Deploying via the portal accelerator creates resources that are difficult to bring under IaC management retroactively. If you anticipate scaling beyond 10 subscriptions, invest in IaC from day one — retrofitting state into Terraform or Bicep after a manual deployment is a significant operational cost.

Subscription Vending

Subscription vending is the automated process by which new application landing zone subscriptions are provisioned on demand. A well-designed vending process:

Accepts a request (via a self-service portal, API, or pull request)
Creates the subscription under the correct management group
Applies baseline policies and RBAC assignments
Configures networking (peering to hub, DNS, private endpoint policies)
Notifies the requesting workload team

# Example: trigger subscription vending via Azure DevOps pipeline
az pipelines run \
  --name "subscription-vending" \
  --parameters \
    subscriptionName="sub-ecommerce-prod-001" \
    managementGroupId="mg-landing-zones-corp" \
    environmentType="Production" \
    ownerObjectId="$(az ad user show --id team@contoso.com --query id -o tsv)"

Operational Warning

Never allow workload teams to create their own subscriptions and link them to management groups manually.

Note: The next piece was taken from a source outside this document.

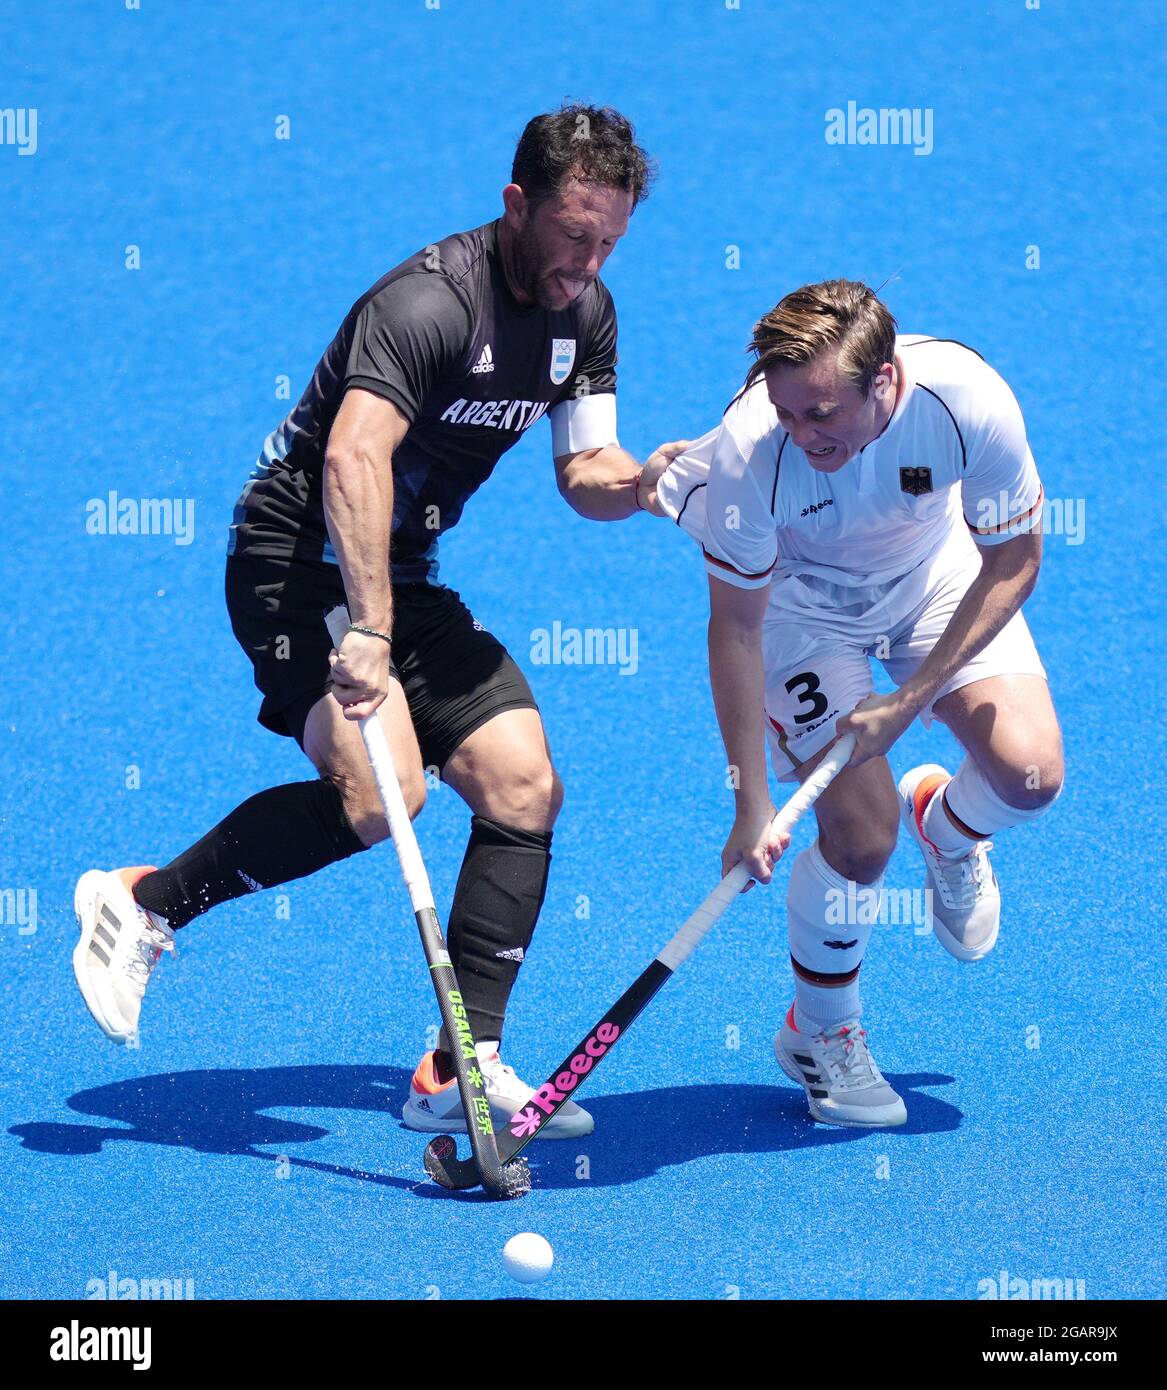 Tokyo, Japan. 1st Aug, 2021. Germany's Mats Jurgen Grambusch (R) competes during the men's quarter final of hockey against Argentina at the Tokyo 2020 Olympic Games in Tokyo, Japan, Aug. 1, 2021. Credit: Yang Shiyao/Xinhua/Alamy Live News Stock Photo

Without vending automation, subscriptions land in the wrong management group, miss policy assignments, and require remediation that grows in cost with every ungoverned subscription added.

Policy-Driven Governance

Azure Policy is the enforcement engine for landing zones. Policies are assigned at the management group level and inherited by all child subscriptions automatically. The key policy categories in a landing zone baseline:

Deny — block non-compliant resource creation (e.g. public IP on certain tiers, non-approved regions)
Audit — surface non-compliant resources without blocking deployment
DeployIfNotExists (DINE) — automatically deploy required resources (e.g. diagnostic settings, Defender plans)
Modify — remediate tags, SKUs, or configurations on existing resources

The Azure landing zone IaC accelerator includes a curated set of policy initiatives aligned to frameworks including CIS, NIST SP 800-53, PCI-DSS, and ISO 27001.